After reading about Random Hacks of Kindness, I asked UC Berkeley ICT for development expert Kentaro Toyama what he thought about them. Toyama responded:

Anyone imagining that a day or two of hacking will produce solutions to development problems, even in some small part, is either a technologist drunk on her own self-image who believes that she’ll solve a mindboggling social challenge with technology, or a World Bank officer drunk on his own self-image who believes that he’ll solve a mindboggling social challenge by motivating some technologists. In any case, it seems clear they are the kind of folks who don’t learn from history.

We should be wary of being distracted by technologies that can solve some direct problems but will never be able to solve underlying development problems. If an app gives a mother access to maternal health information, but she doesn’t have access to basic healthcare, how much good will it do her?

Toyama, who blogs humorously as the ICT4D Jester, was more optimistic about the initiative’s ability to build capacity of programmers in developing countries:

[T]o the extent that these events generate excitement around the ability to develop software in developing countries, they are fantastic…Among the things that make a country “developed” is its intrinsic capacity to create, adapt, and master technology.

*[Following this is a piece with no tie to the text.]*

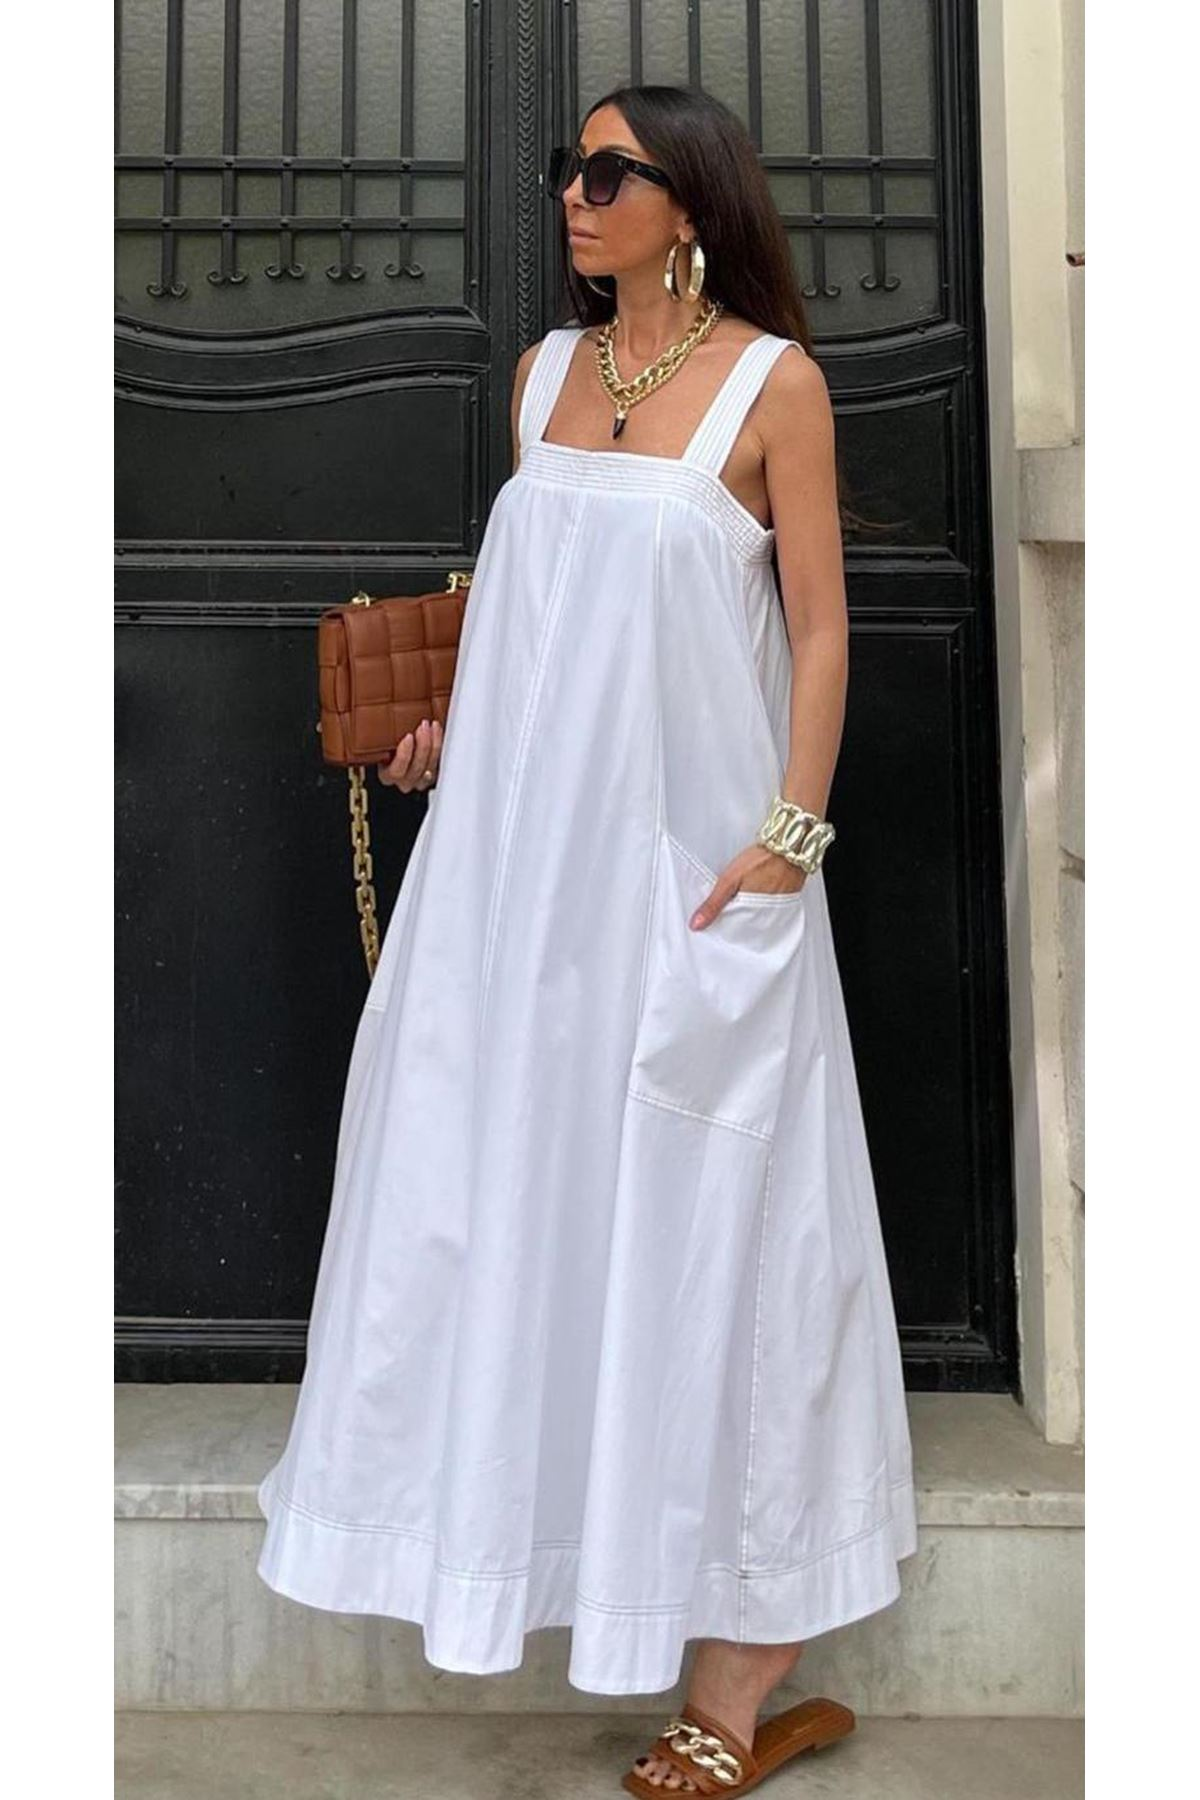 Cep Detaylı Vual Dokuma Elbise - BEYAZ

Similarly, much of what makes a country “developed” is an emergent system that permits and promotes problem solving.

To paraphrase and adapt a point made previously on this blog: Direct solutions to problems (say, aid programs that use ICTs to locate disaster survivors) may be worthwhile as benefiting a lot of people. But a long list of many such solutions is not development. Development is the gradual emergence of a problem-solving system.

No one really believes that there’s an app for development, but we sometimes seem to talk like there is. We should keep sober our expectations about what ICTs can and cannot accomplish, because getting drunk on techno-hype is sure to cloud our understanding of underlying development issues — like why certain places lack the problem-solving systems that afford mothers access to basic healthcare.